Comment from jesse chasteen, (2/12/2014, 9:21 AM)

And another thought...I have been preaching the merit of becoming skilled in the trade for 25 years...I used a visual aid with a couple of my fingers as I told the youngsters that if you master the skills you WILL be able to make a wonderful life for yourself...I would continue with the analogy that if you can't find work you are either number one LAZY (include index finger) or number two (index down next finger up) LOUSY..always receives chuckle and usually gets em thinkin...Final suggestion for all...a mentoring incentive...offer a bit of cha-ching to the gray guys for the extra effort of ushering in the new Paul Harvey for the rest of the story...

Comment from Tony Rangus, (2/12/2014, 10:06 AM)
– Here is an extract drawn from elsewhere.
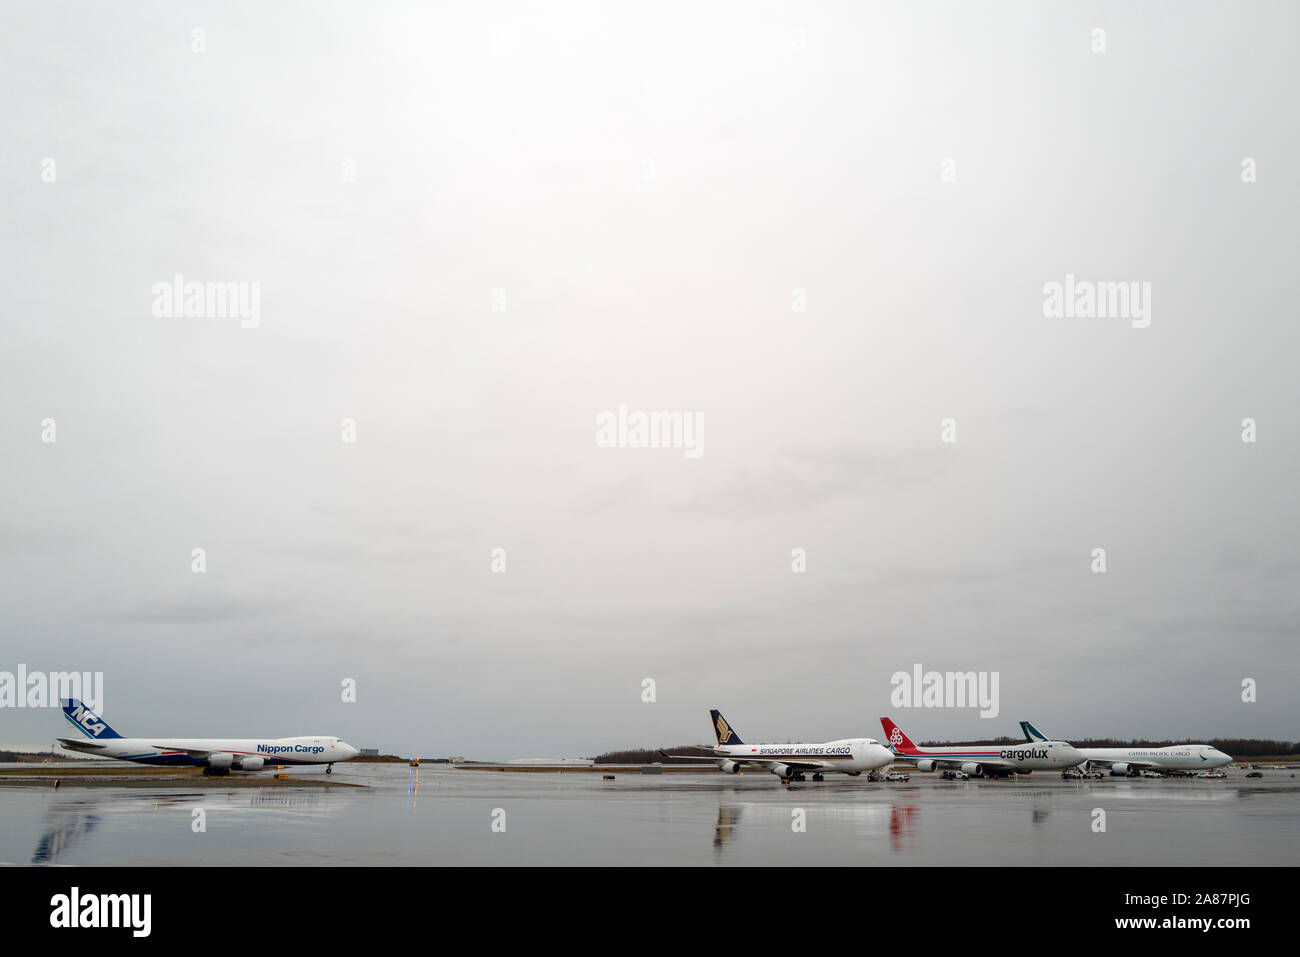 Ted Stevens International Airoprt Anchorage Alaska USA. Daily life at the airport, aircraft arriving and departing, crew change and refueling. Stock Photo

One thing seems to be missing and not addressed. The plethora of marginal coating materials touted as saviors (remeber when polyureas were touted as a gift to the coatings field because it was surface tolerant), and the large amount of poor coatings application. For those of you in the E&C world who pay shops to coat stuff & field applicators to complete a facility, how often do you receive items at a construction site with marginal to crappy coatings requiring touch-up or complete recoat; and field contract coaters that just don't give a damn. On multi-billion projects, you cannot be looking over everybodies shoulder 100% of the time. You rely on honesty & integrity, which sadly, seems to have gone the same way as the Dodo bird. We complain about the cost of corrosion due to not maintaining coatings, but bury our heads when it comes to striving for do it right the first time (deference to Mike Holmes). You can write the best coating specification ever, and mandate the best coating materials, but what I see is alot of marginal surface preparation and poor application control.